Most of these questions are things that you need to try different options to see what works best. That is the problem with ANNs. There is no "best" way to do almost anything. You need to find out what works for your specific problem. Nevertheless, I will give my advice for your questions.
1) I prefer incremental learning. I think it is important for the network weights to be updated after each pattern.
2) This is a tough question. It really depends on the complexity of your network. How many input nodes, output nodes, and training patterns that there are. For your problem, I might start with 100 and try ranges up and down from 100 to see if there is improvement.
3) I usually calculate the total error of the network when applied to the test set (not the training set) after each epoch. If that error increases for about 5 epochs, I will stop training and then use the network that was created before the increase occurred. It is important not to use the error of the training set when deciding to stop training. This is what will cause overfitting.
4) You could also try a probabilistic neural network if you are representing your output as 26 nodes, each representing a letter of the alphabet. This network architecture is good for classification problems. Again, it may be a good idea just to try a few different architectures to see what works best for your problem.
发布评论
评论(2)
关于第三点,找出 ANN 何时开始过度拟合的一种方法是绘制训练数据和测试数据上网络的准确性与执行的 epoch 数的关系图。 在某些时候,随着您的训练准确度持续提高(趋向 100%),您的测试准确度实际上可能会开始下降,因为 ANN 对训练数据过度拟合。 看看什么时期开始发生,并确保不要训练超过那个时期。
如果您的数据非常规则且一致,那么直到游戏的最后阶段它可能都不会过拟合,或者根本不会过拟合。 如果您的数据高度不规则,那么您的人工神经网络将更早开始过度拟合。
另外,测试数据规律性的一种方法是执行类似 k 倍交叉验证。
Regarding number 3, one way to find out when your ANN starts to overfit is by graphing the accuracy of the net on your training data and your test data vs the number of epochs performed. At some point, as your training accuracy continues to increase (tending towards 100%), your test accuracy will probably start to actually decrease because the ANN is overfitting to the training data. See what epoch that starts to happen and make sure not to train past that.
If your data is very regular and consistent, then it might not overfit until very late in the game, or not at all. And if your data is highly irregular, then your ANN will start to overfit much earlier.
Also, a way to test how regular your data is is to do something like k-fold cross validation.
这些问题中的大多数都是您需要尝试不同选项才能找到最有效的选项。 这就是人工神经网络的问题。 几乎任何事情都没有“最佳”方法。 您需要找出适合您的具体问题的方法。 尽管如此,我还是会针对你的问题给出我的建议。
1)我更喜欢增量学习。 我认为在每个模式之后更新网络权重很重要。
2)这是一个很难回答的问题。 这实际上取决于网络的复杂性。 有多少个输入节点、输出节点和训练模式。 对于你的问题,我可能会从 100 开始,尝试从 100 上下调整,看看是否有改善。
3)我通常计算每个时期后应用于测试集(而不是训练集)时网络的总误差。 如果该错误增加了大约 5 个时期,我将停止训练,然后使用增加发生之前创建的网络。 在决定停止训练时,不要使用训练集的误差,这一点很重要。 这就是会导致过拟合的原因。
4) 如果您将输出表示为 26 个节点,每个节点代表字母表中的一个字母,您也可以尝试概率神经网络。 这种网络架构非常适合分类问题。 同样,尝试几种不同的架构来看看哪种架构最适合您的问题可能是个好主意。
Most of these questions are things that you need to try different options to see what works best. That is the problem with ANNs. There is no "best" way to do almost anything. You need to find out what works for your specific problem. Nevertheless, I will give my advice for your questions.

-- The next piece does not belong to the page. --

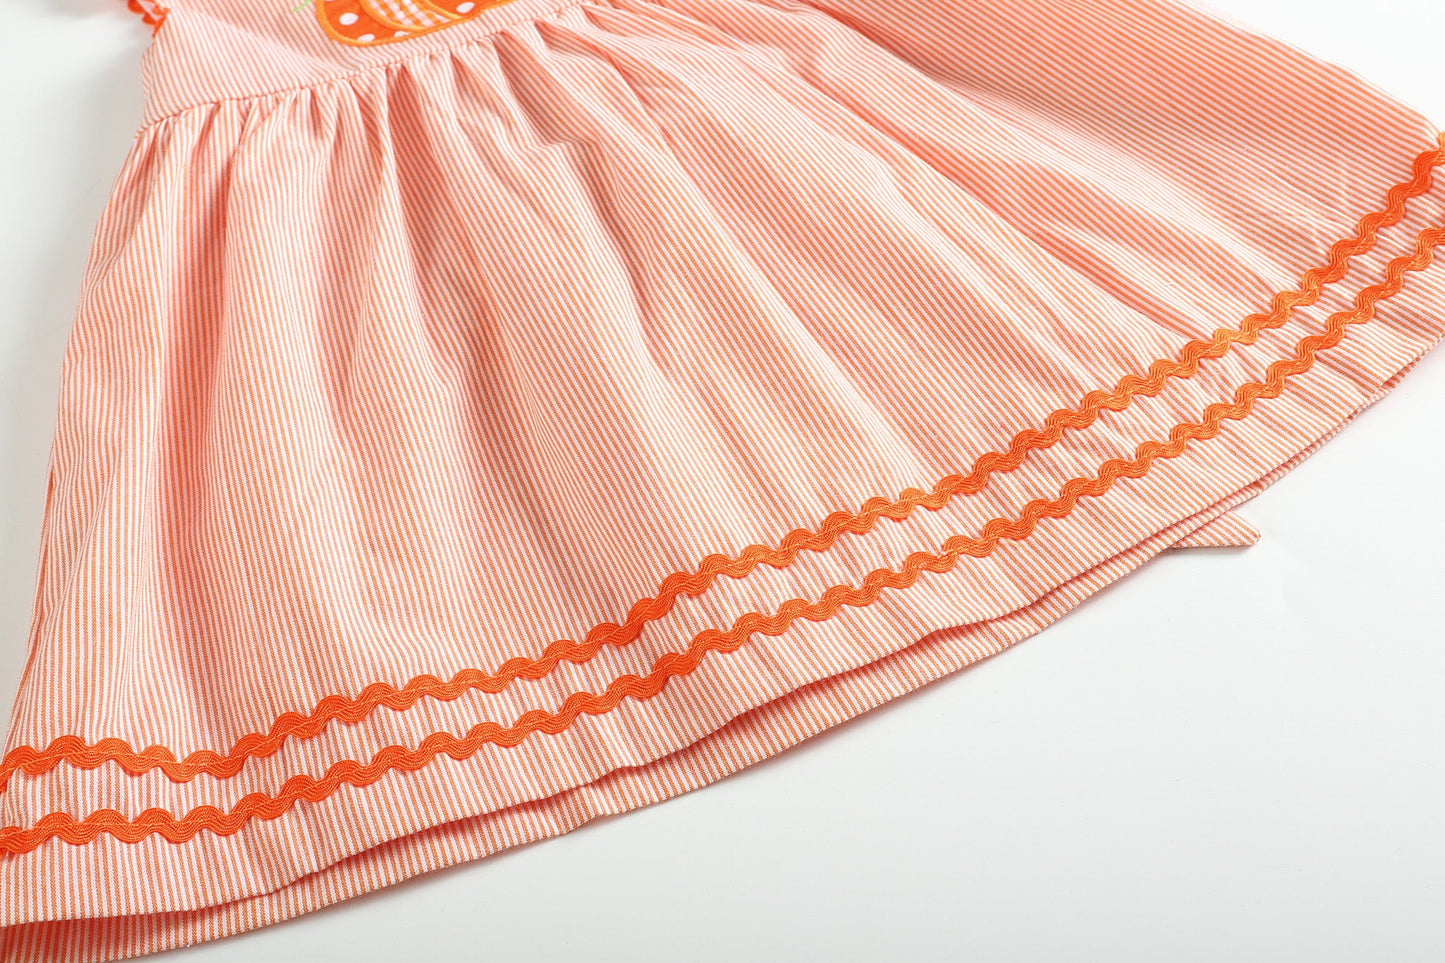 Orange Pinstripe Pumpkin Embroidered A-Line Dress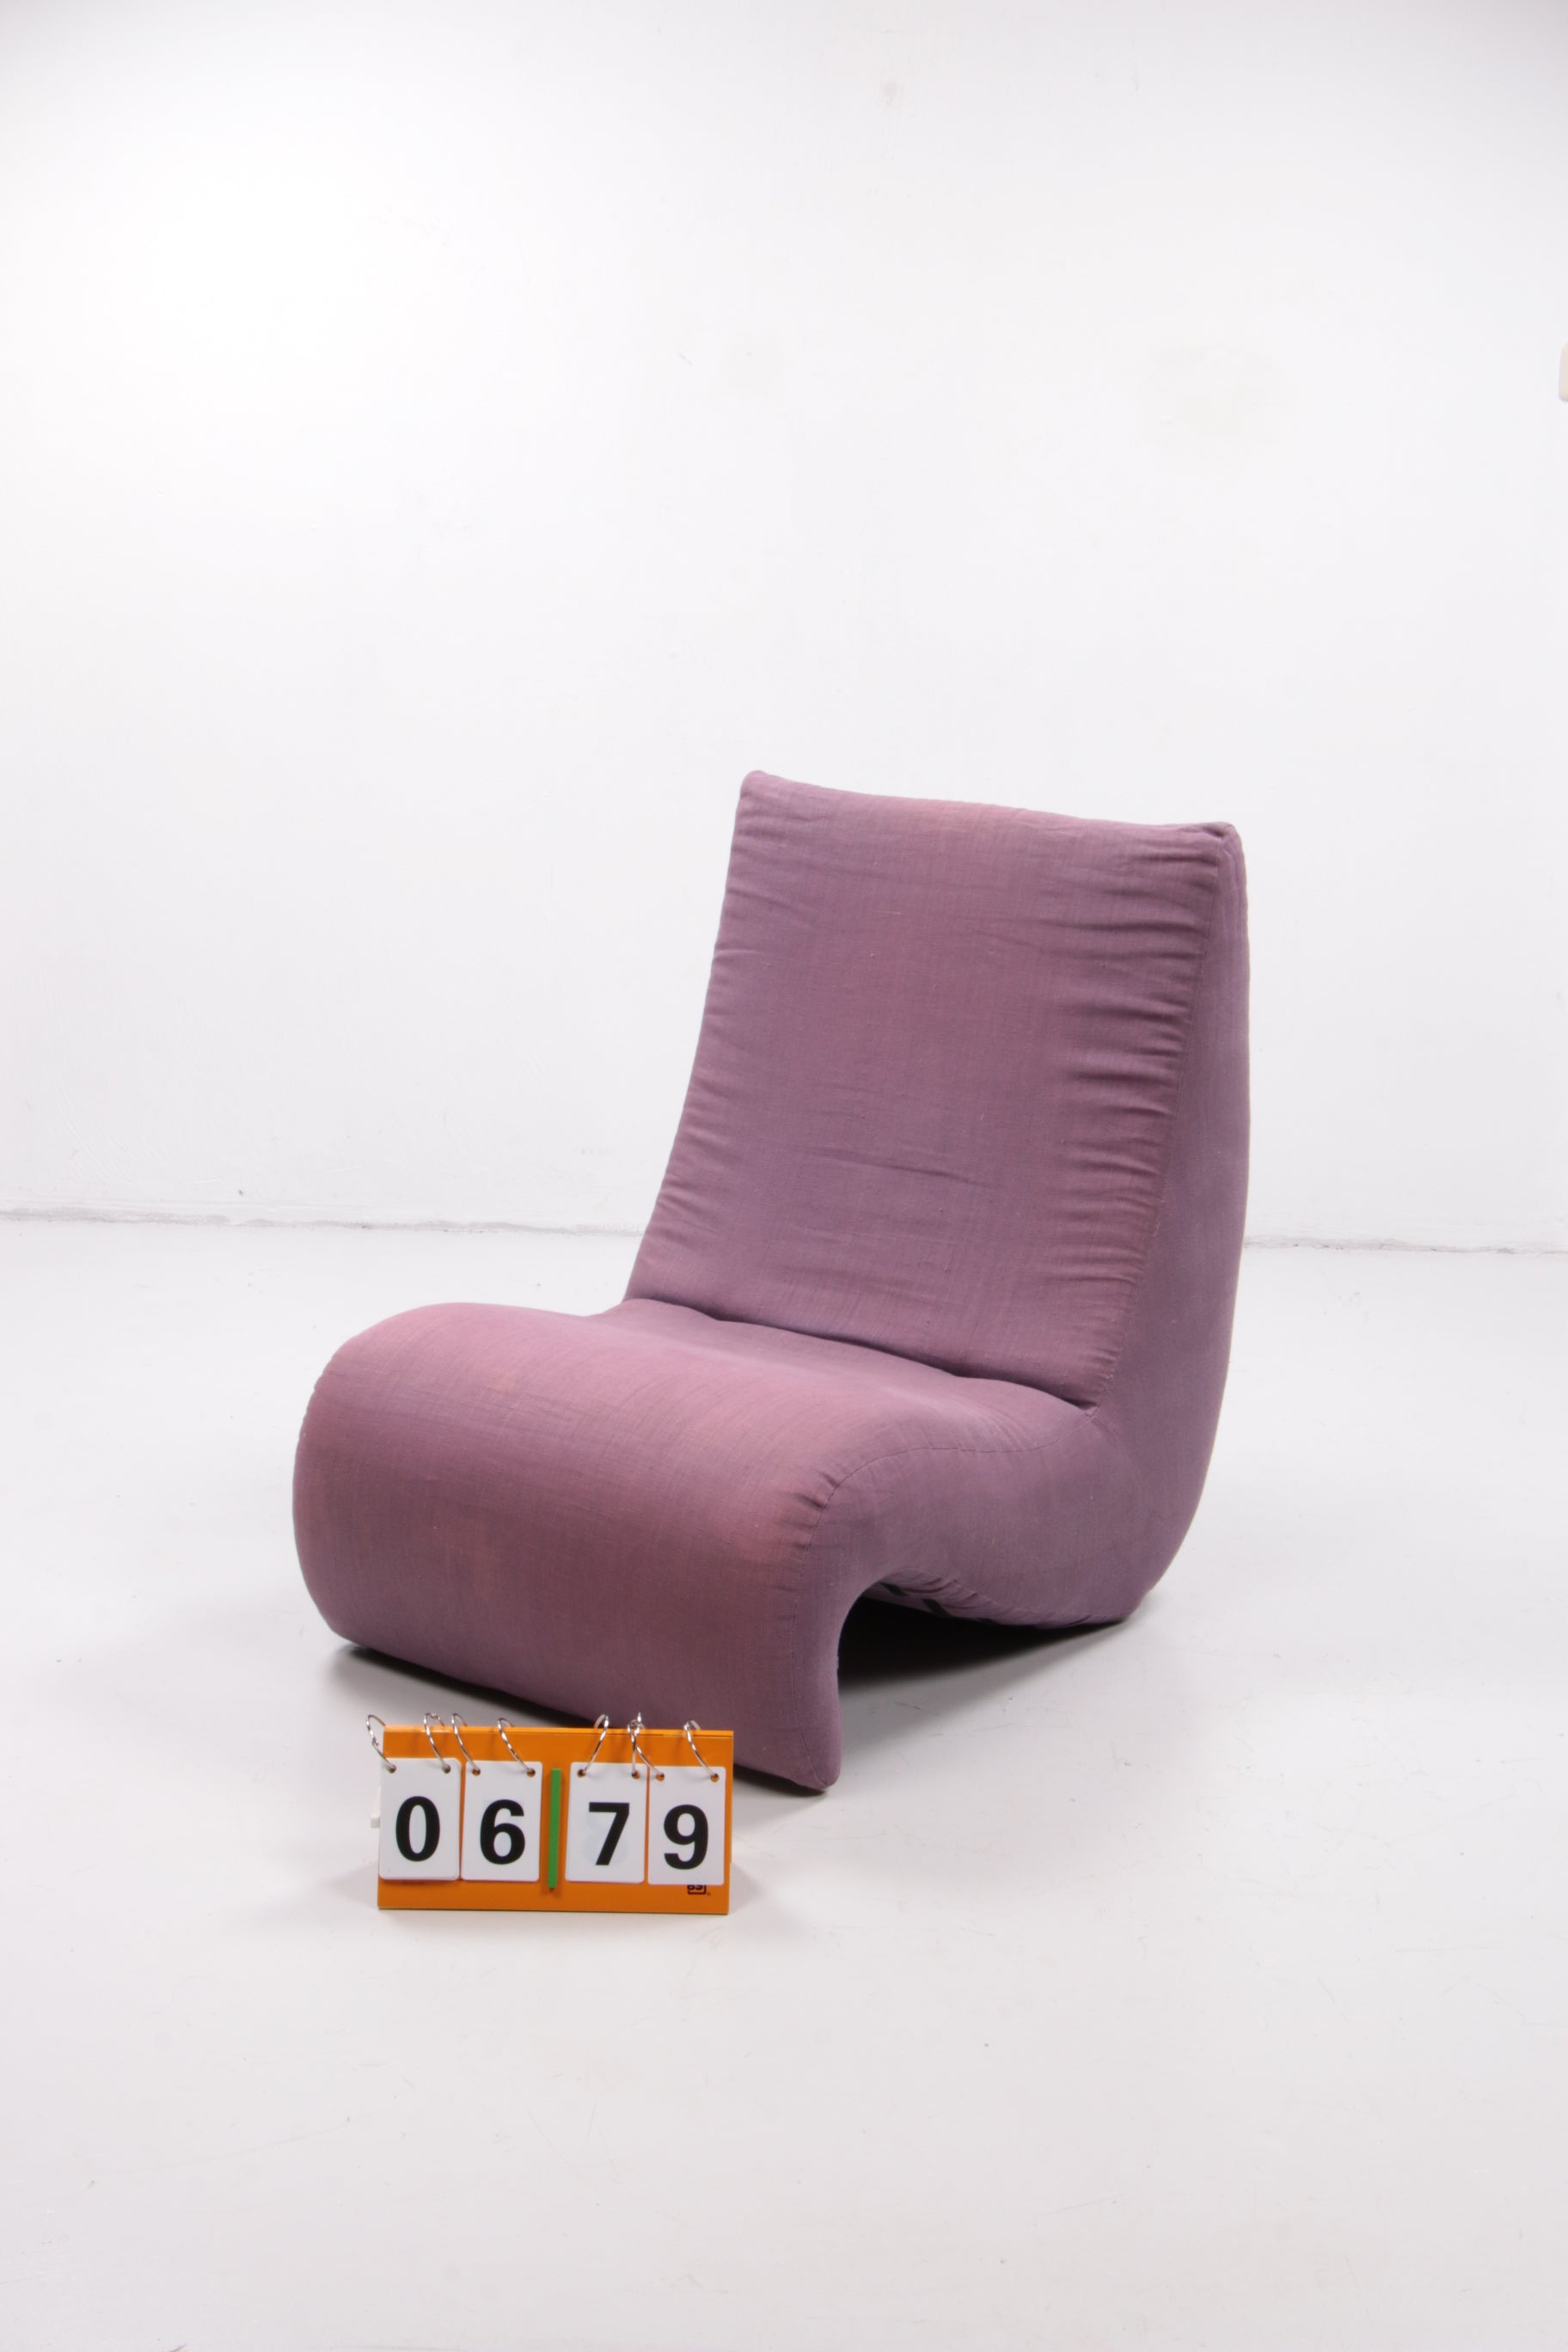 Vintage Relax fauteuil ontwerp van Verner Panton Model Amoebe,1970

1) I prefer incremental learning. I think it is important for the network weights to be updated after each pattern.
2) This is a tough question. It really depends on the complexity of your network. How many input nodes, output nodes, and training patterns that there are. For your problem, I might start with 100 and try ranges up and down from 100 to see if there is improvement.
3) I usually calculate the total error of the network when applied to the test set (not the training set) after each epoch. If that error increases for about 5 epochs, I will stop training and then use the network that was created before the increase occurred. It is important not to use the error of the training set when deciding to stop training. This is what will cause overfitting.
4) You could also try a probabilistic neural network if you are representing your output as 26 nodes, each representing a letter of the alphabet. This network architecture is good for classification problems. Again, it may be a good idea just to try a few different architectures to see what works best for your problem.